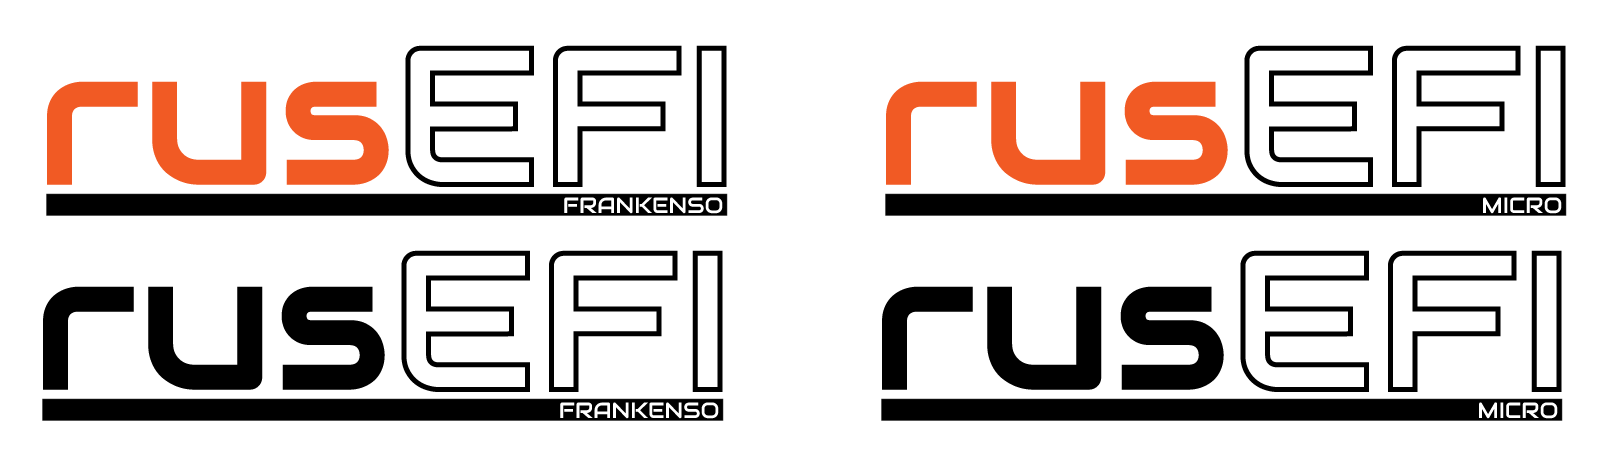 rusefi_logo_names.png
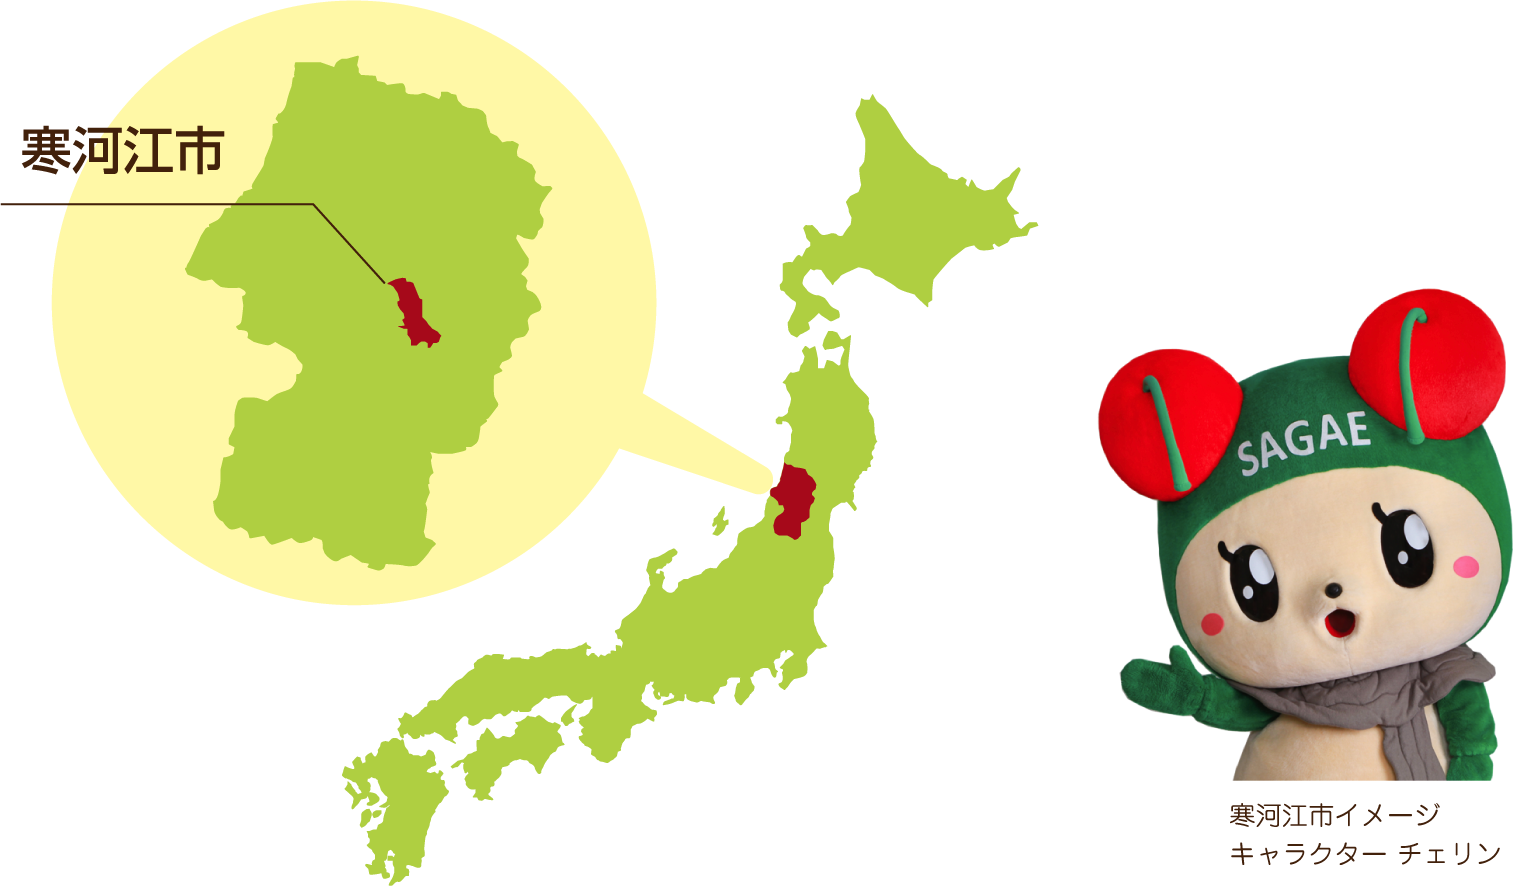 さがえについて 日本一さくらんぼの里さがえ さがえ観光ガイド 寒河江市観光物産協会
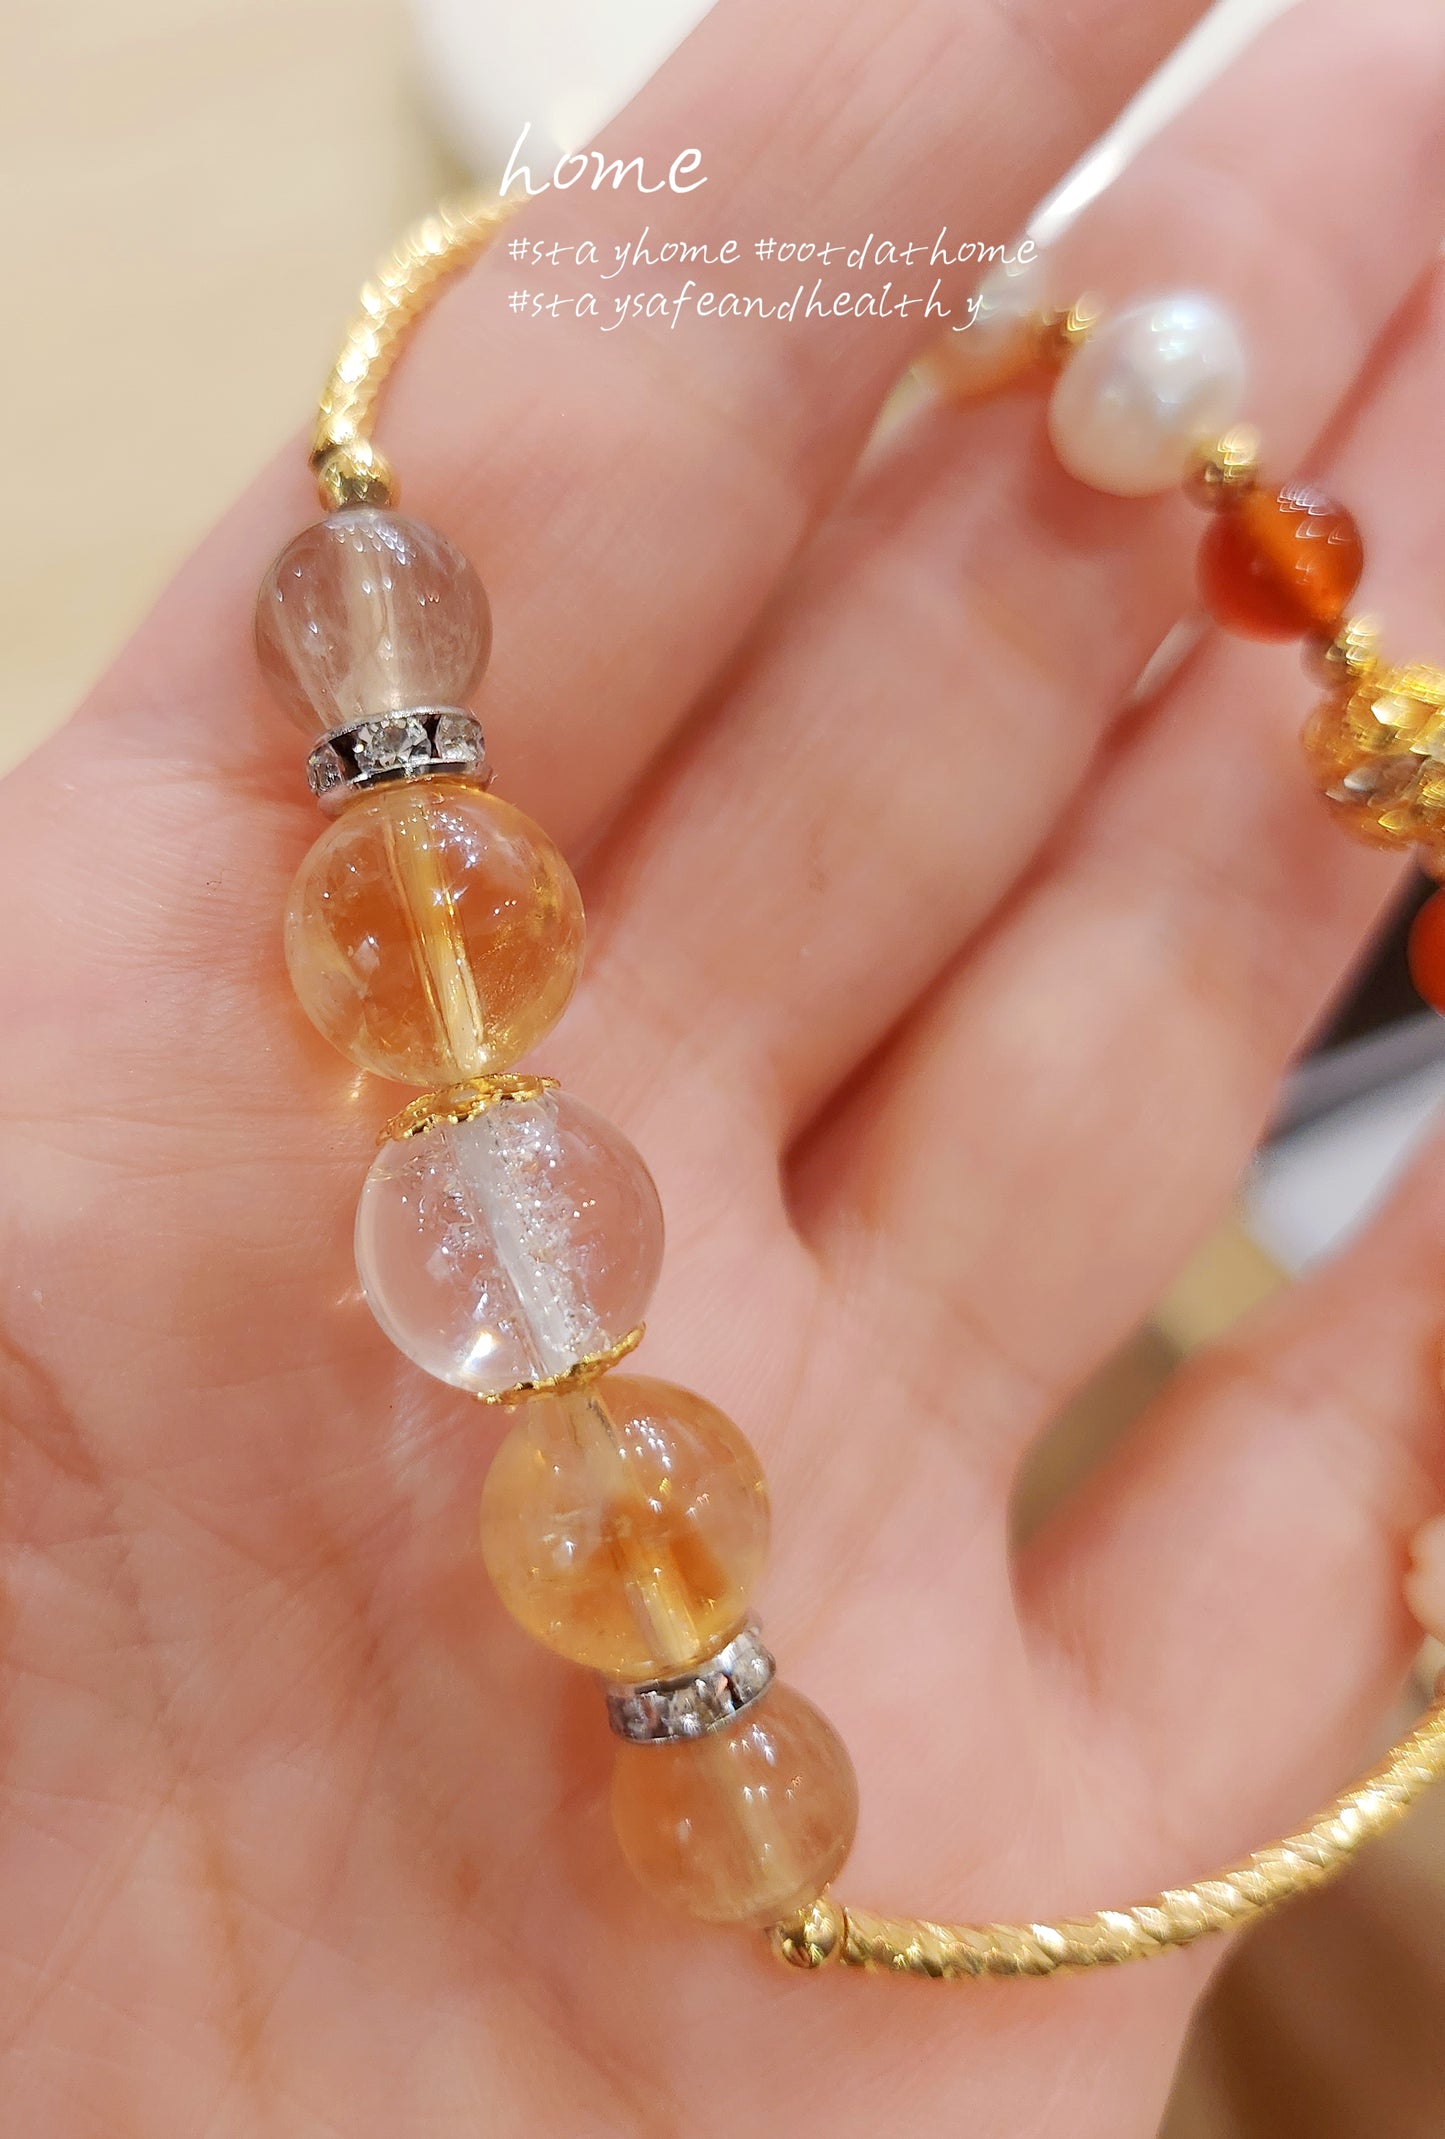 Natural Stone&Freshwater Pearls Handmade Bracelet

» **WORK ORDER**
Apart from the pictures, every line above must be printed exactly.

» **RESULT OF THIS TASK**
 rusefi_logo_names.png
 さがえについて 日本一さくらんぼの里さがえ さがえ観光ガイド 寒河江市観光物産協会
 Natural Stone&Freshwater Pearls Handmade Bracelet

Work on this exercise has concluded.